---------- Recorded data ----------

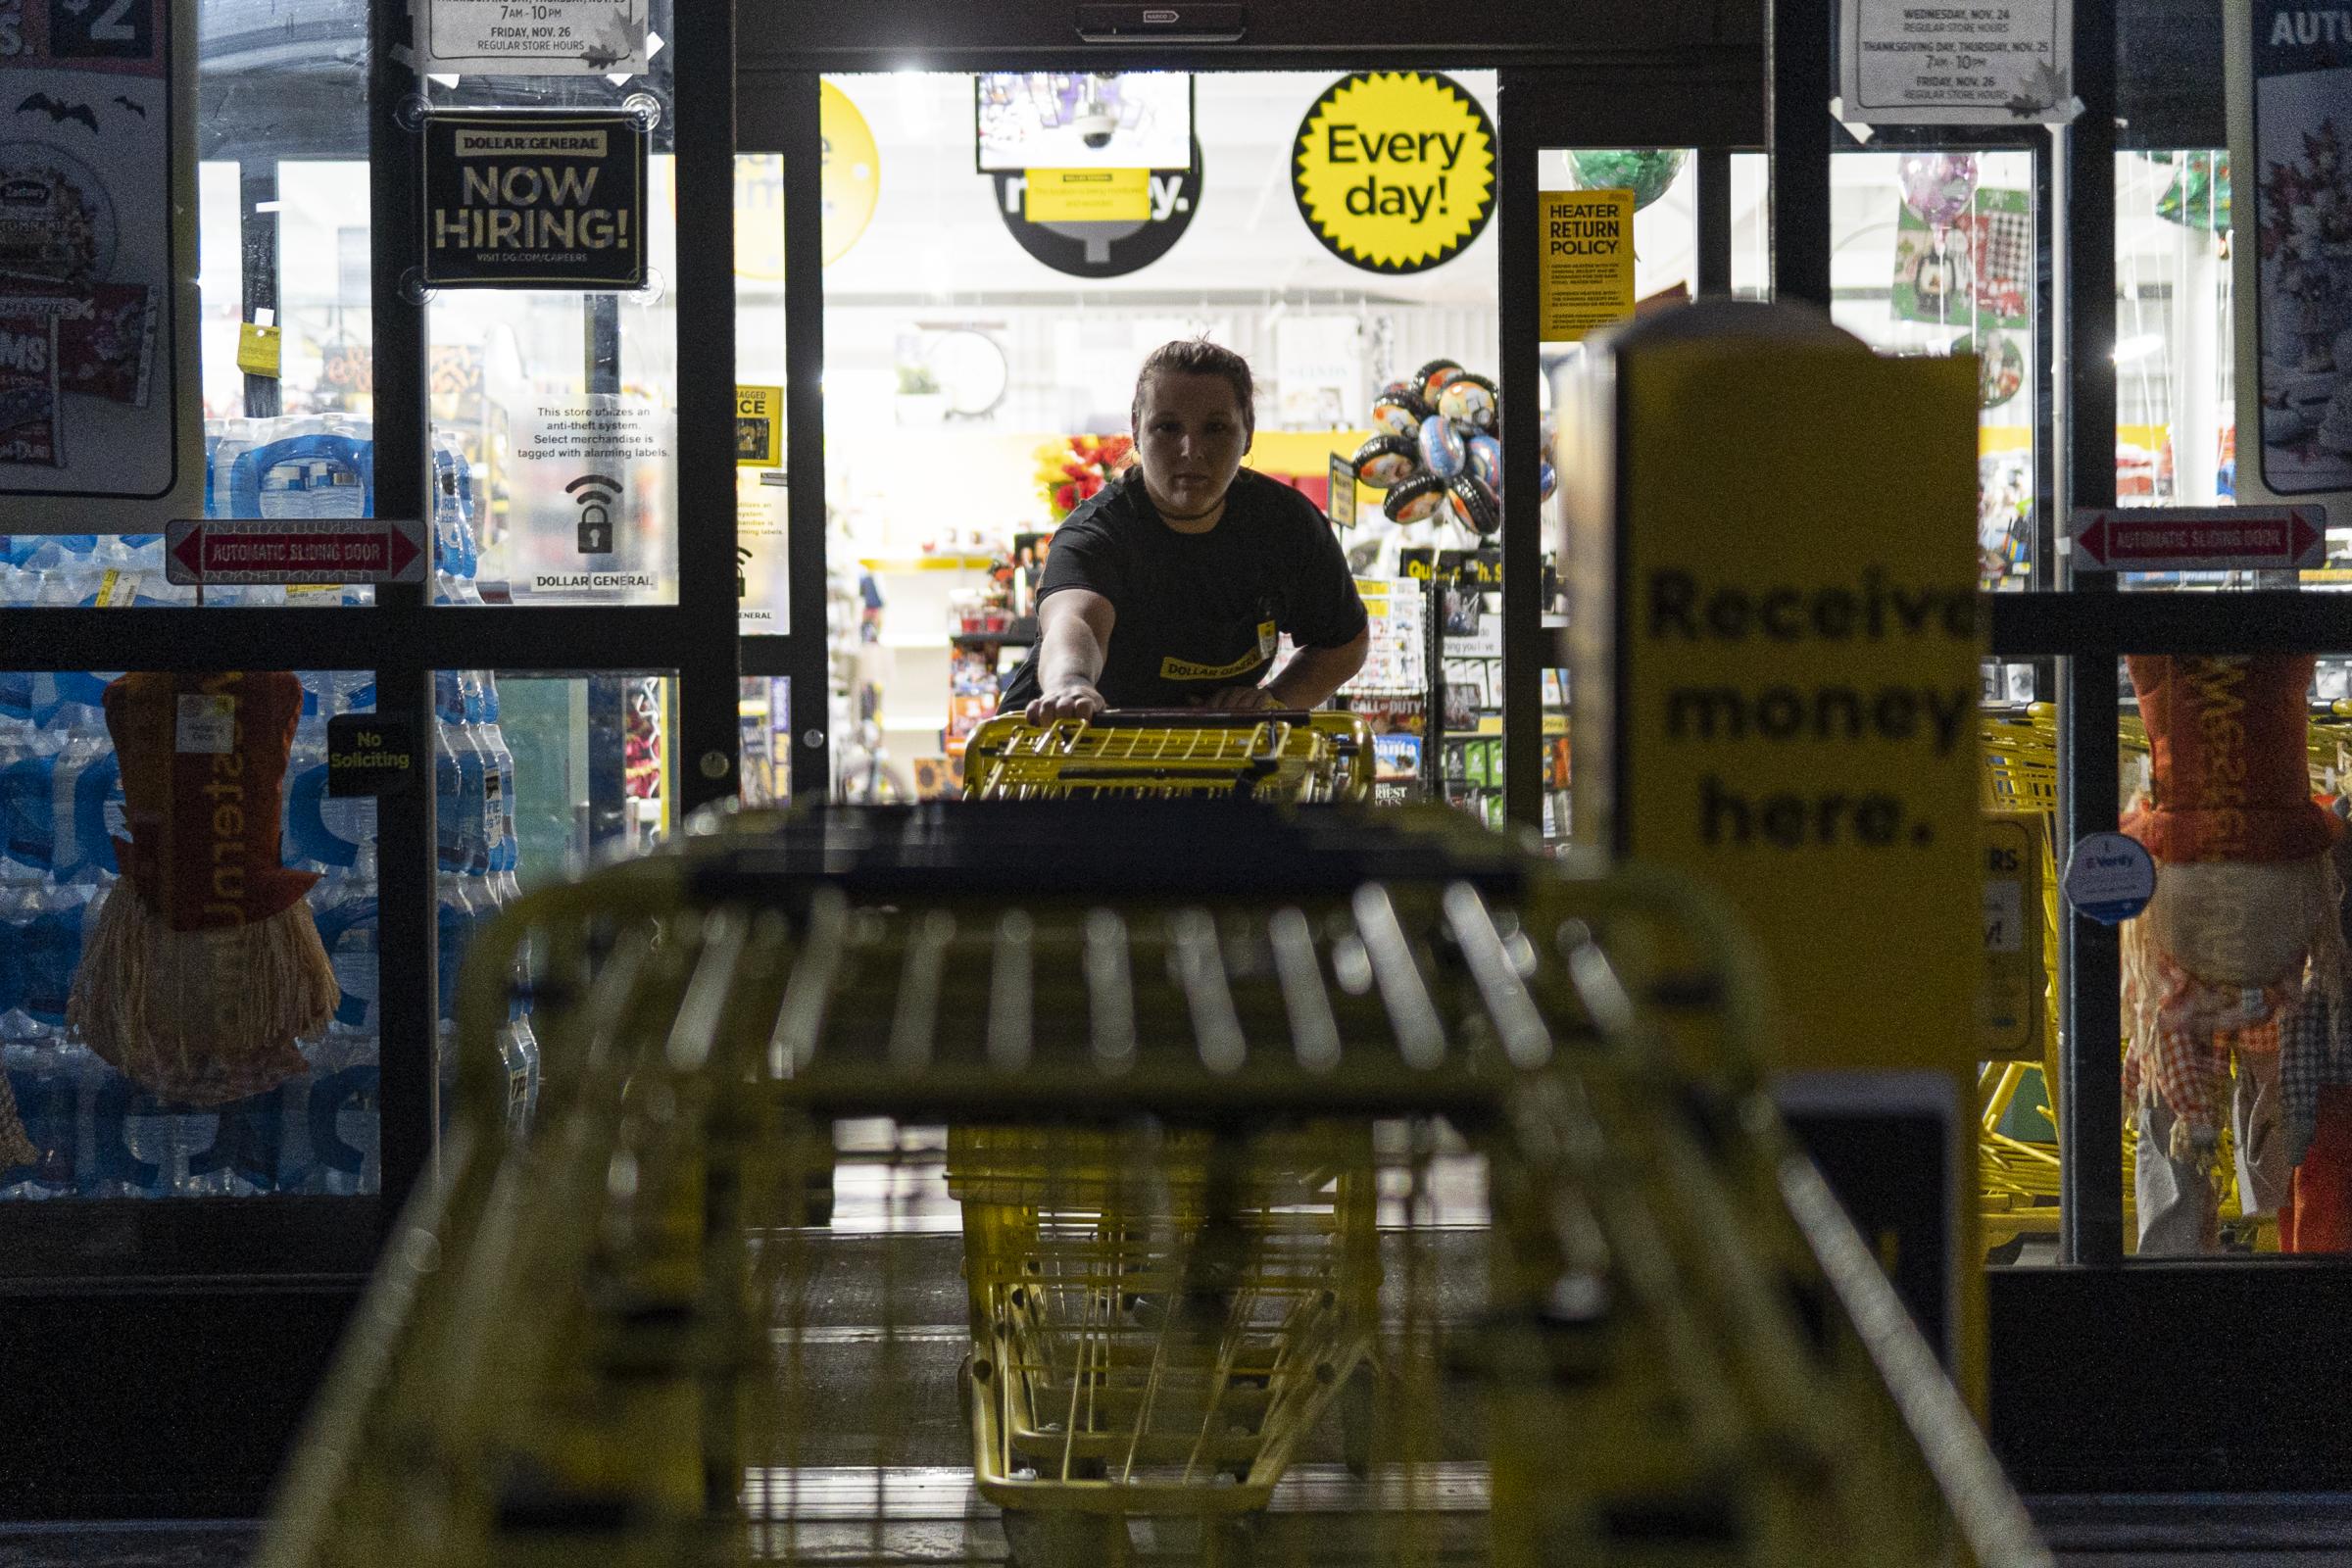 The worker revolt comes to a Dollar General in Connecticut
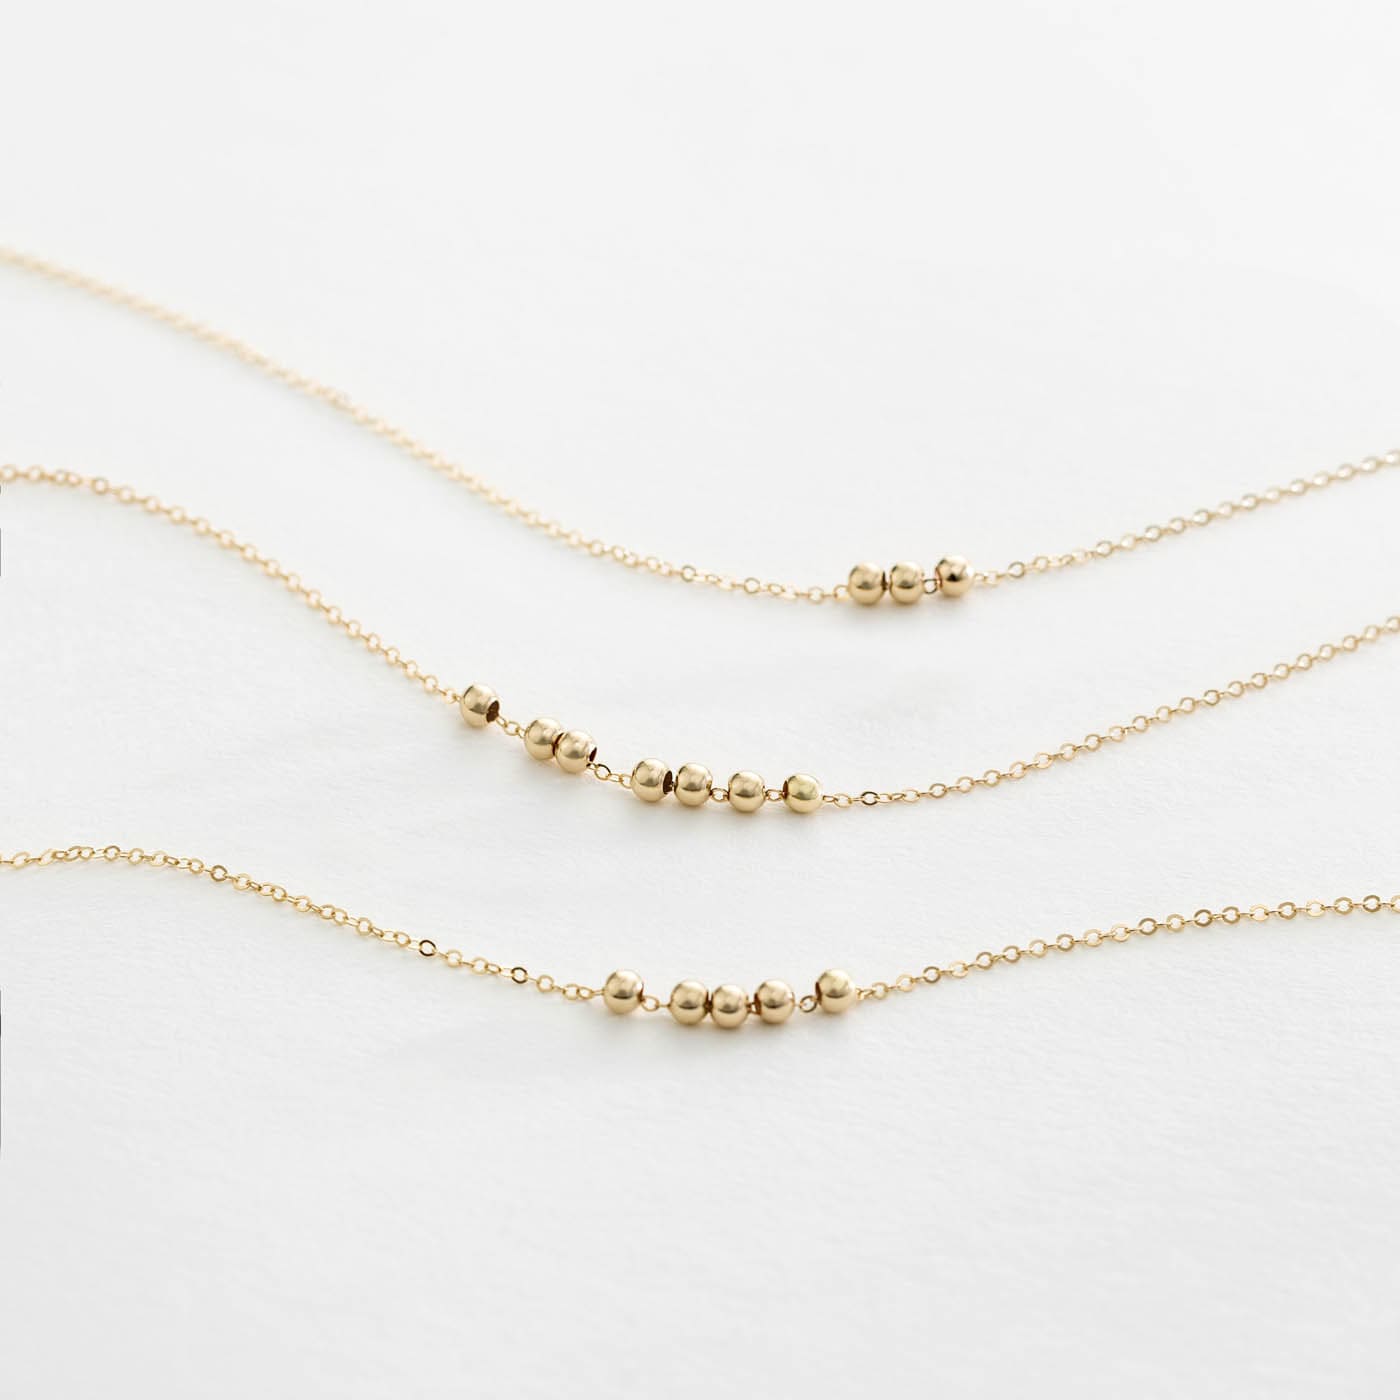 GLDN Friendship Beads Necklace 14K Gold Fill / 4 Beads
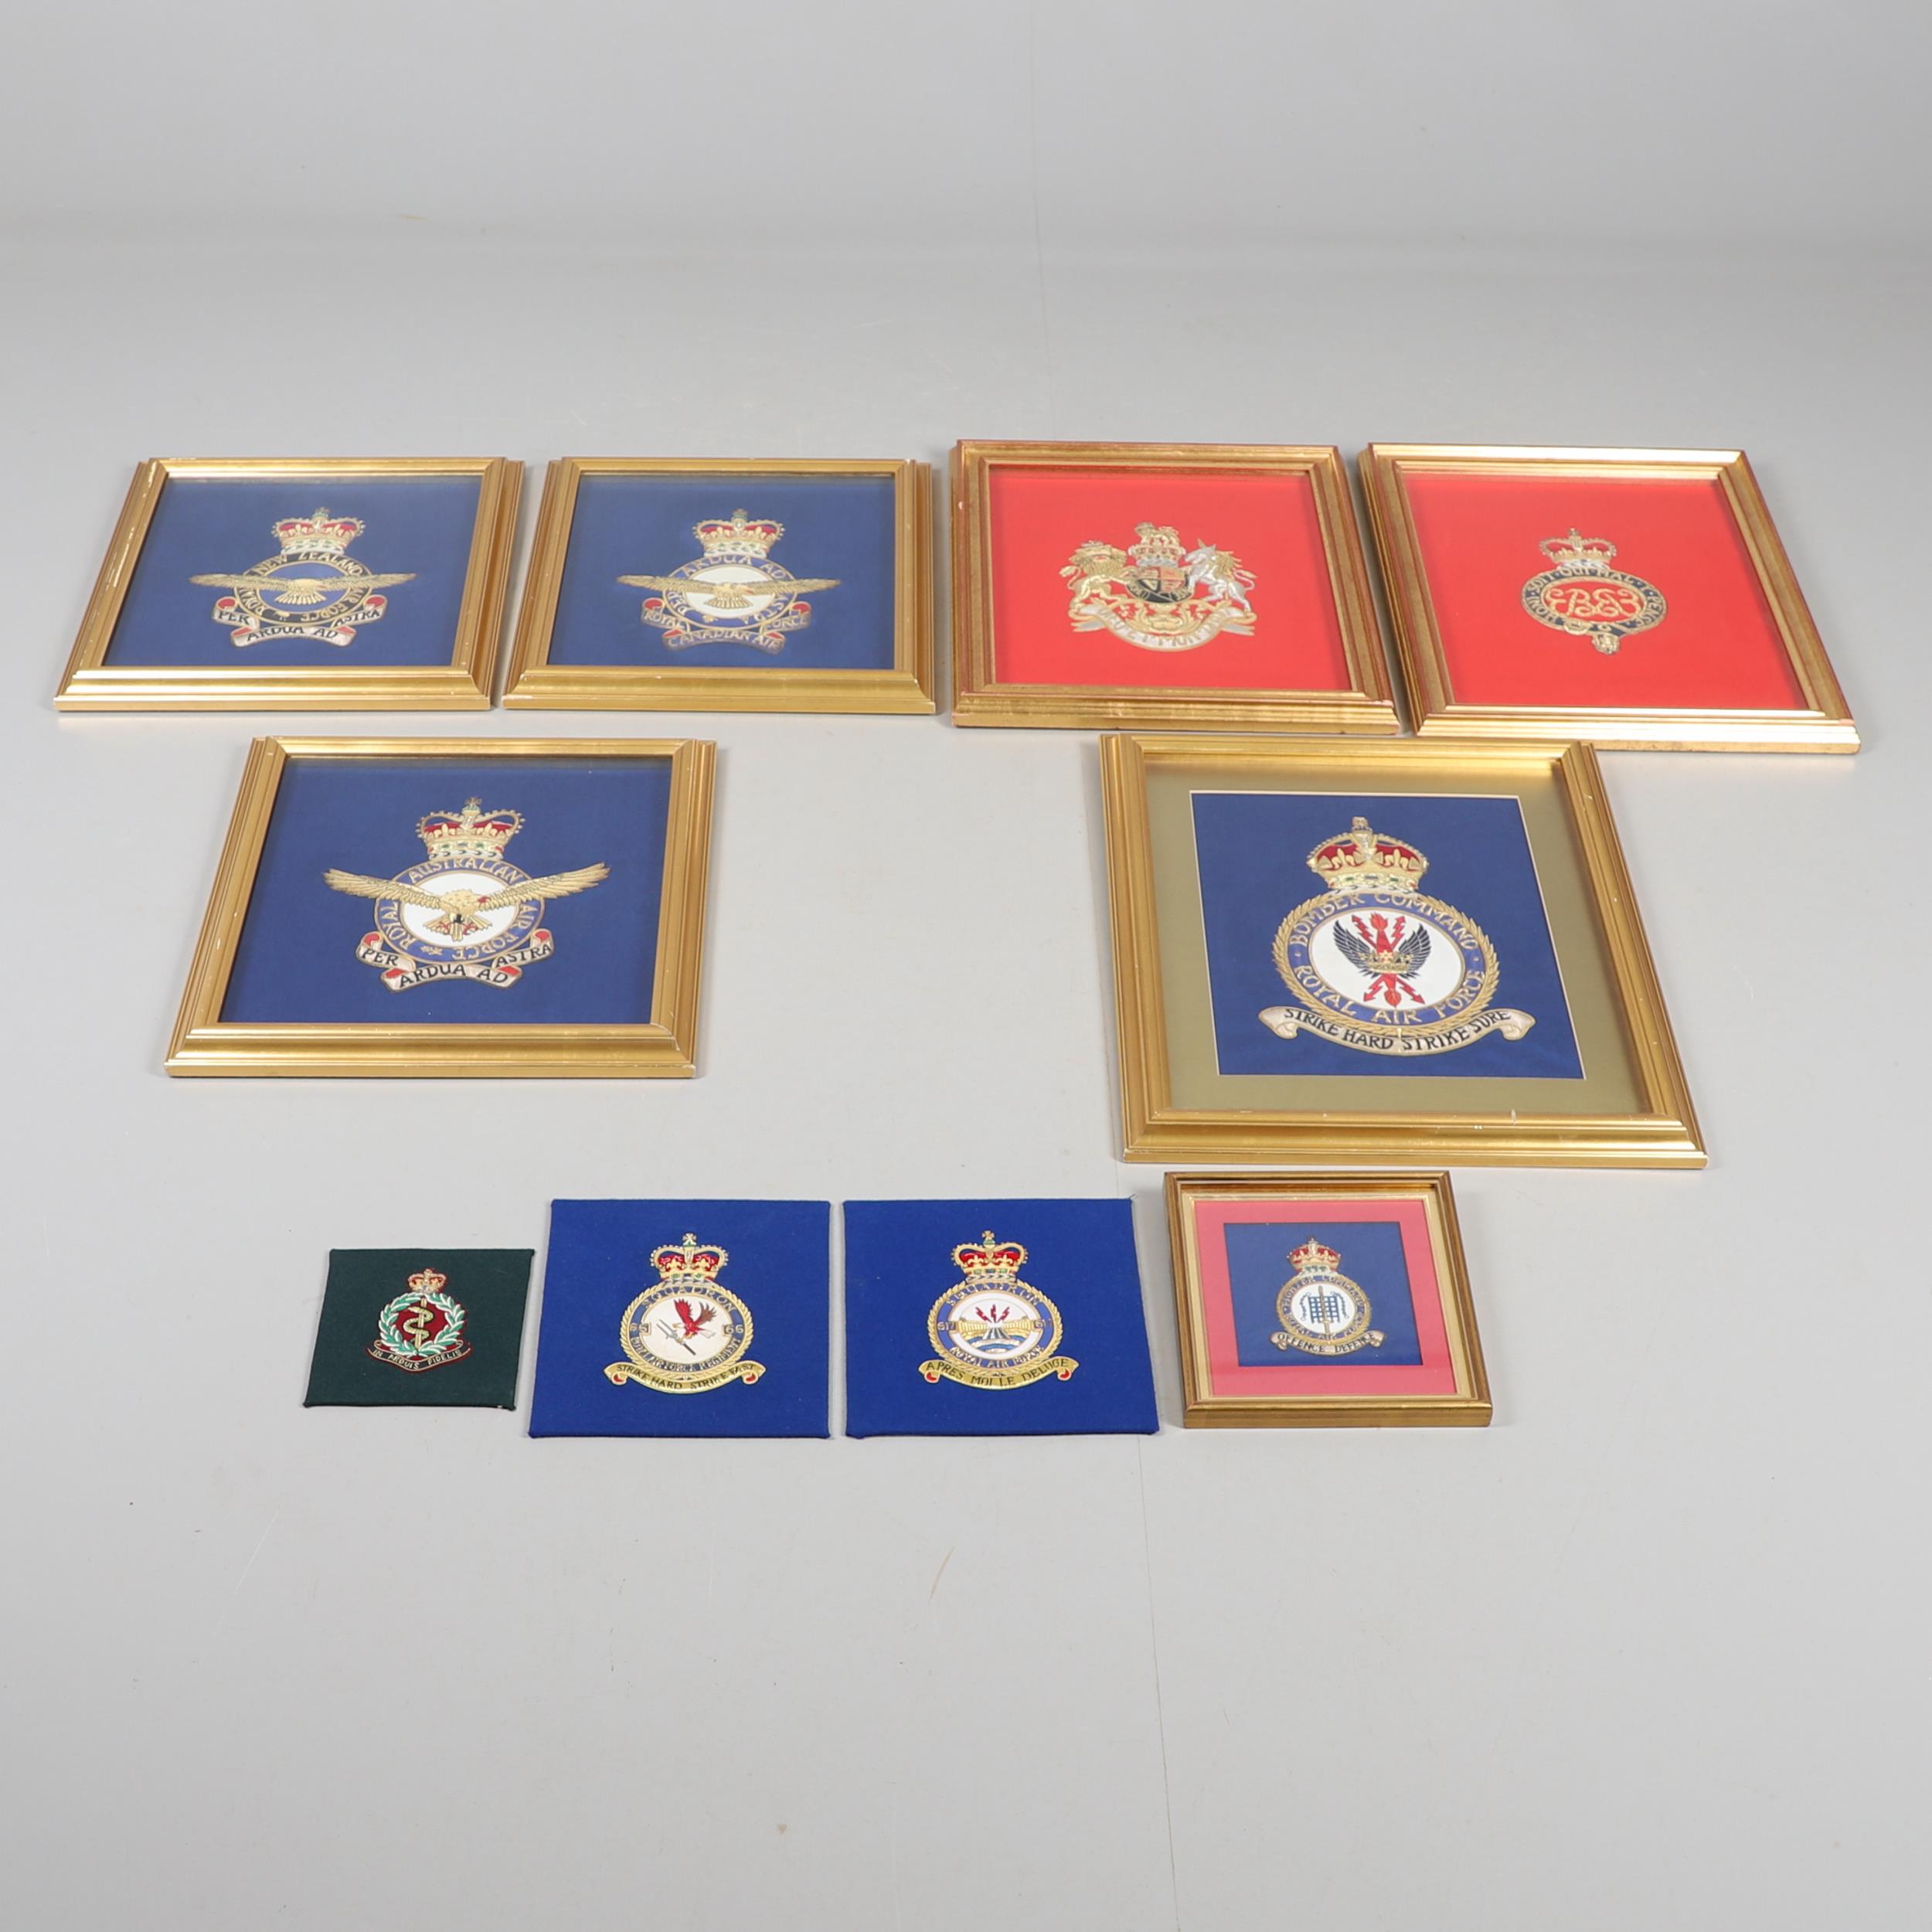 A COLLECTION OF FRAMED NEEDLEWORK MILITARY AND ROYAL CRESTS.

----------

Assignment:
In the listing above, find the line containing "GLDN Friendship Beads" and restate it and every later line verbatim, with the pictures left out.

Exercise solution:
 GLDN Friendship Beads Necklace 14K Gold Fill / 4 Beads
 A COLLECTION OF FRAMED NEEDLEWORK MILITARY AND ROYAL CRESTS.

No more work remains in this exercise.